### [Supplied data]

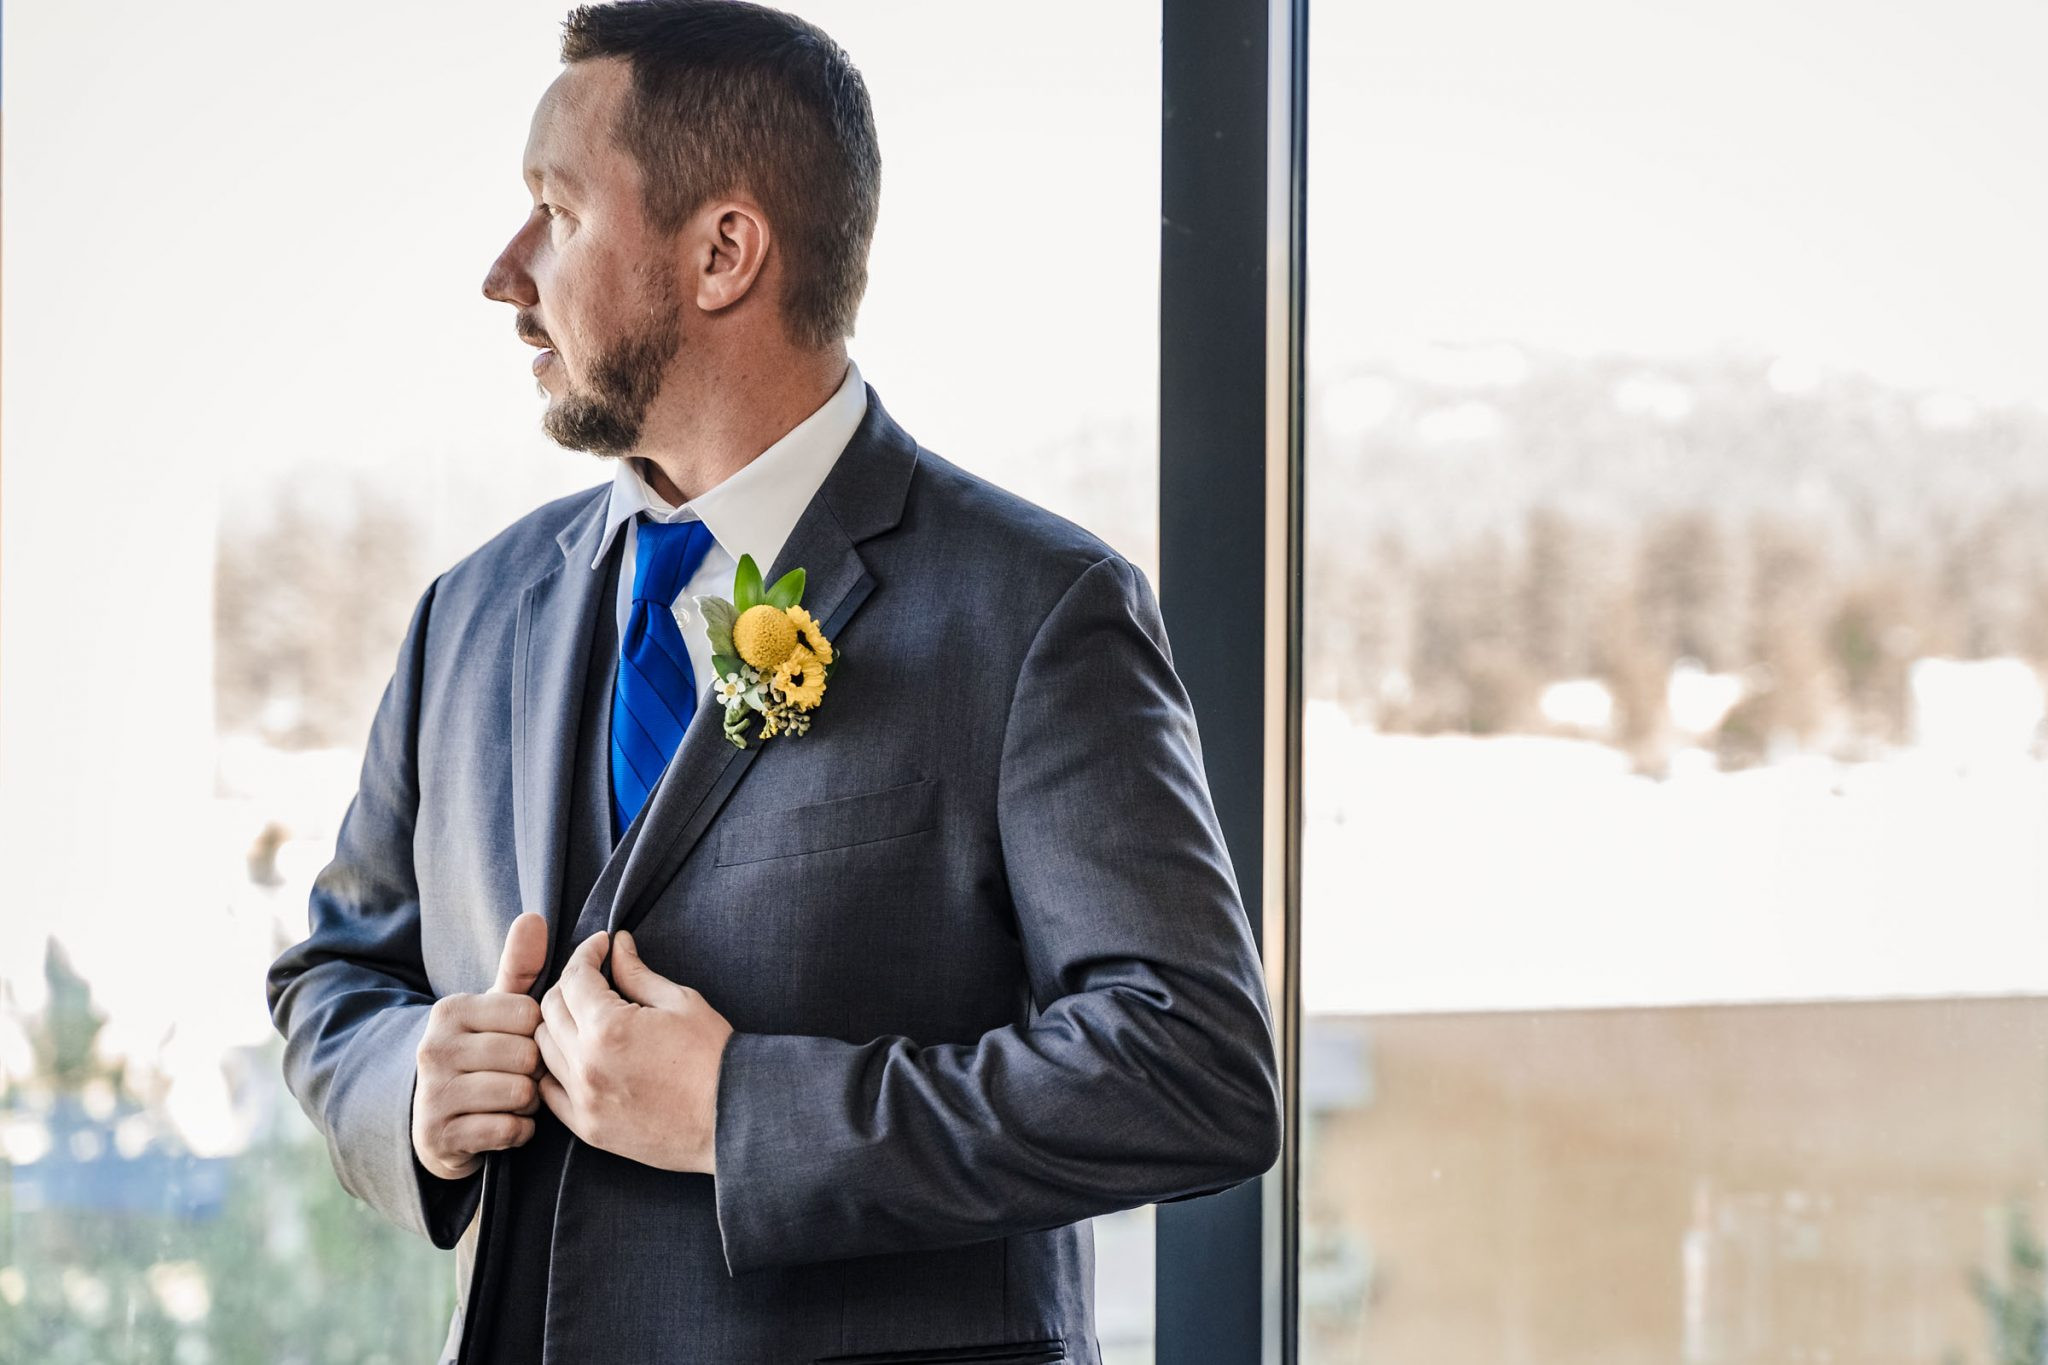 Groom getting ready at Harveys Harrahs wedding in South Lake Tahoe
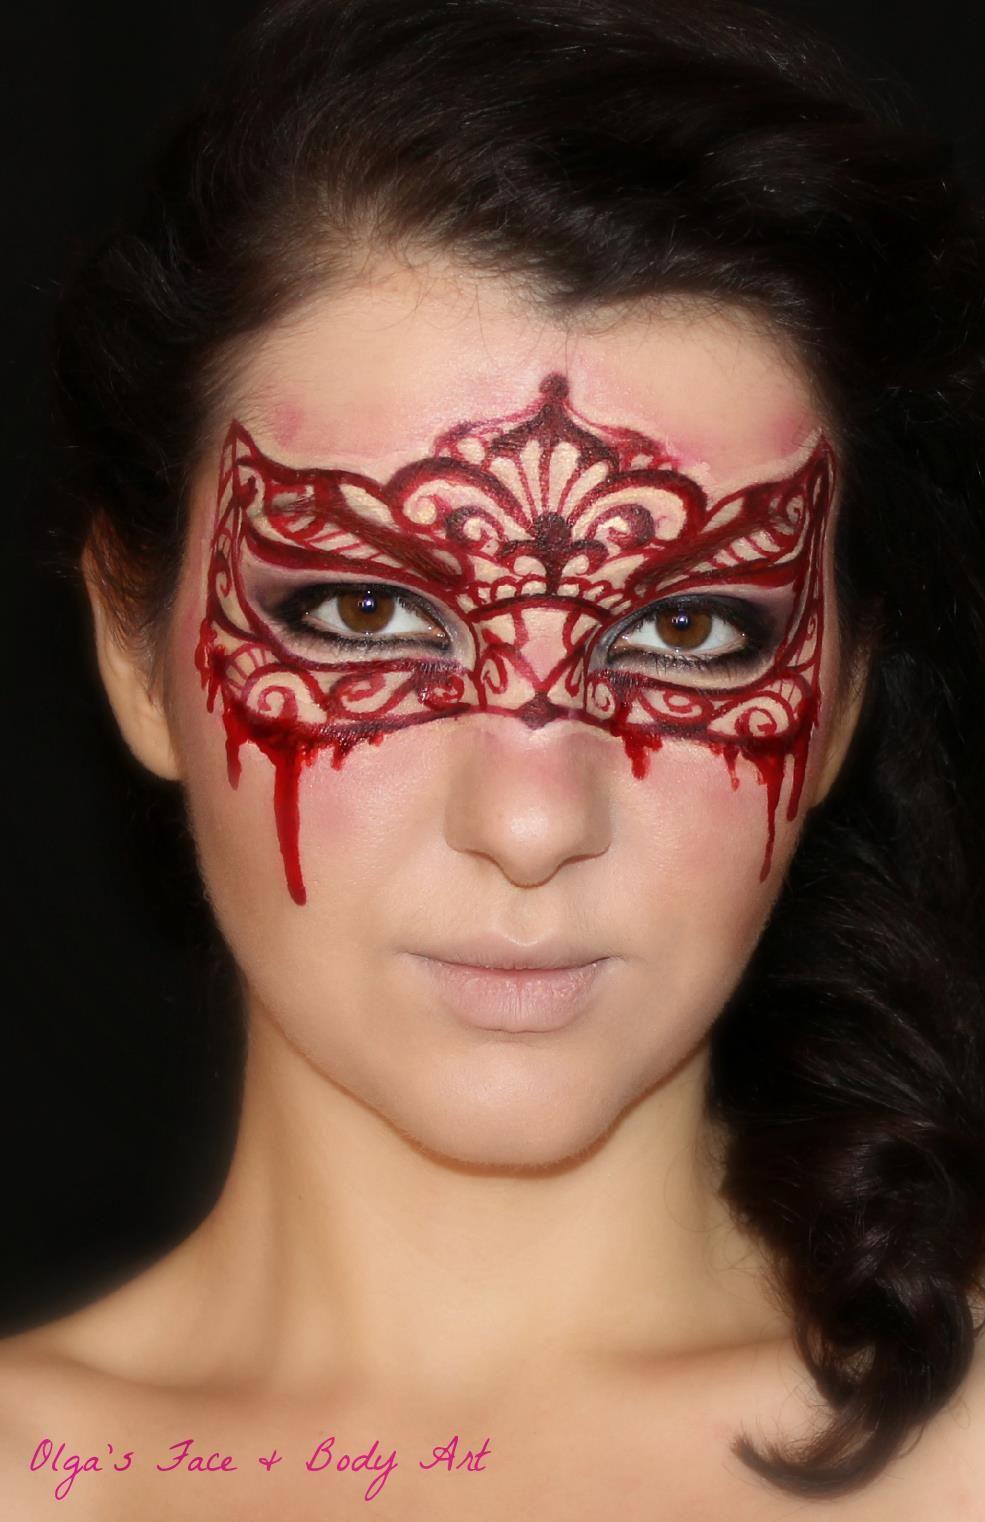 olga meleca halloween design face painting bloody maskerade mask face painting pinterest. Black Bedroom Furniture Sets. Home Design Ideas
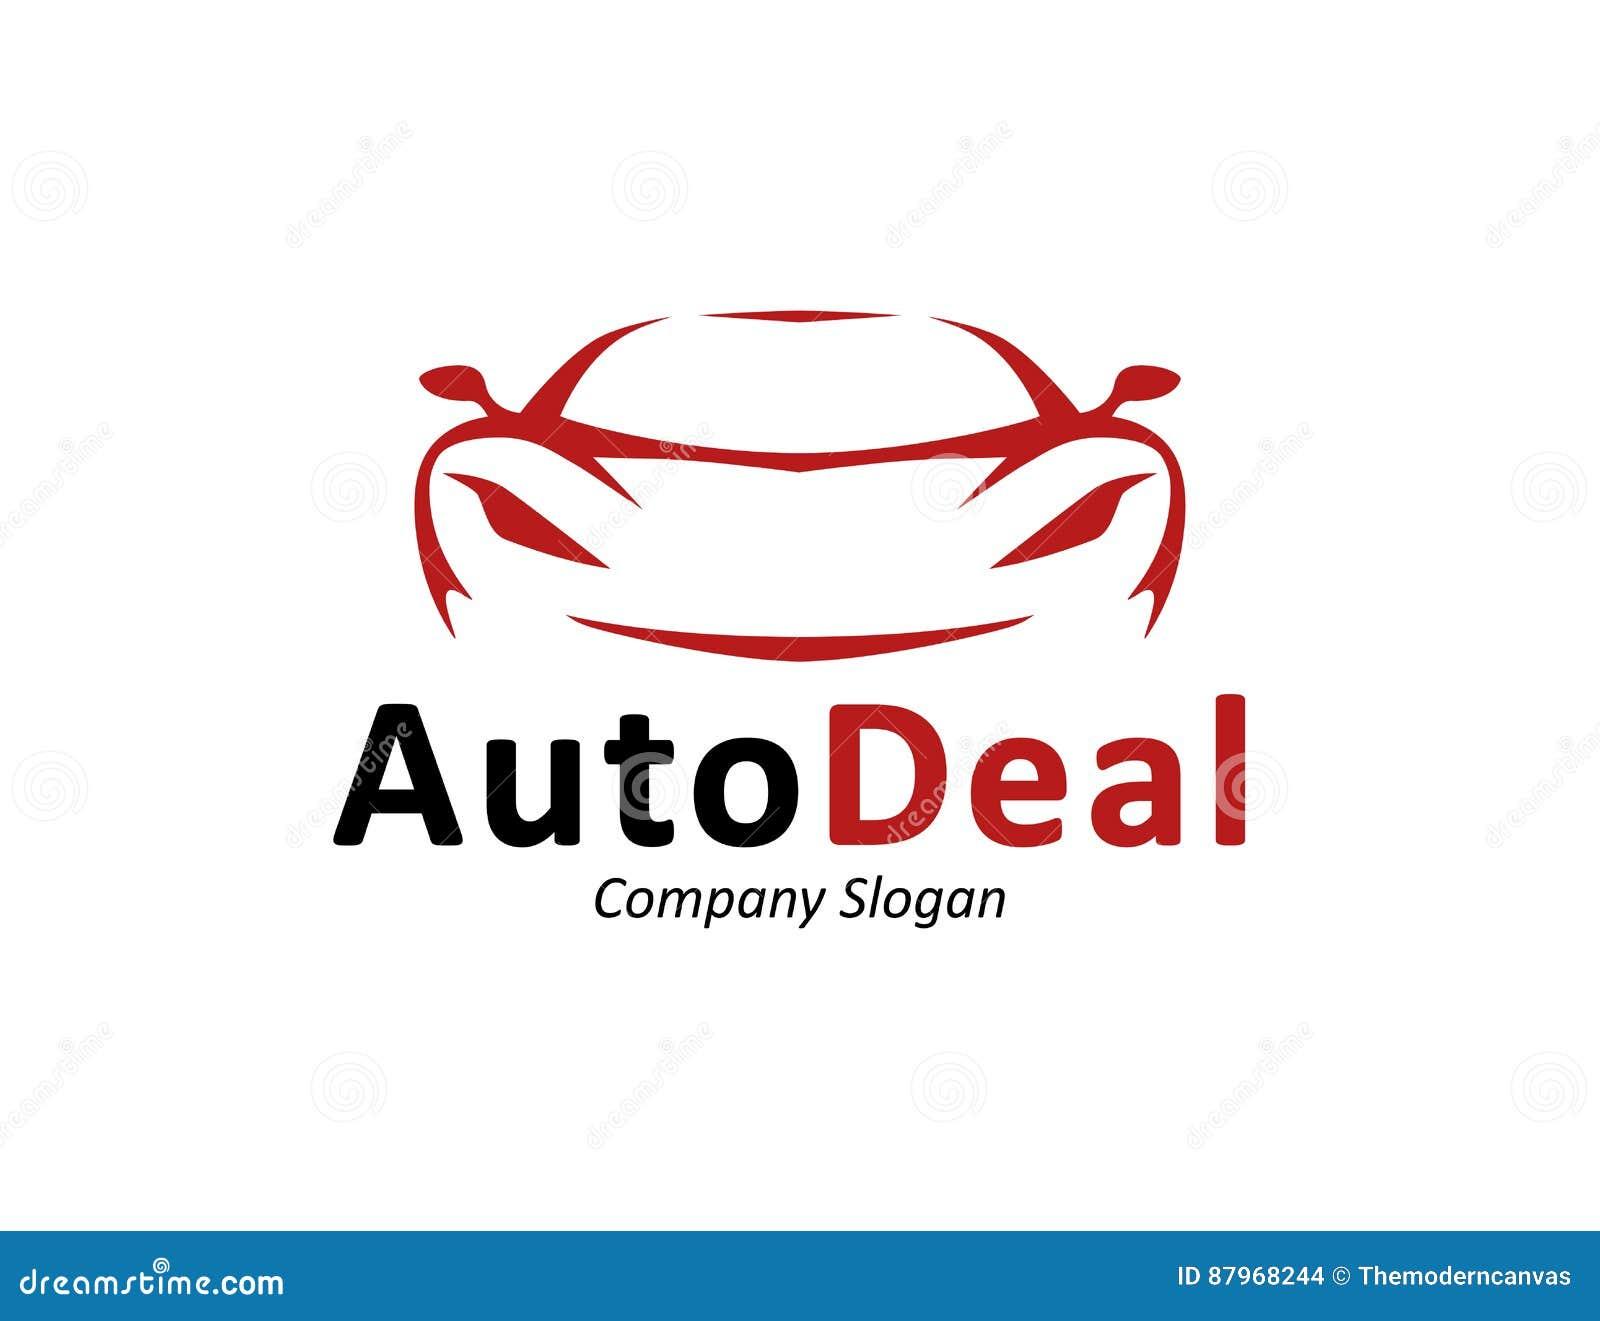 Auto Car Dealership Logo Design With Concept Sports

### [Activity]
Nothing but the lines from the one that contains "olga meleca halloween" through the last line of the material should be written out, exactly. Omit pictures.

### [Exercise response]
 olga meleca halloween design face painting bloody maskerade mask face painting pinterest. Black Bedroom Furniture Sets. Home Design Ideas
 Auto Car Dealership Logo Design With Concept Sports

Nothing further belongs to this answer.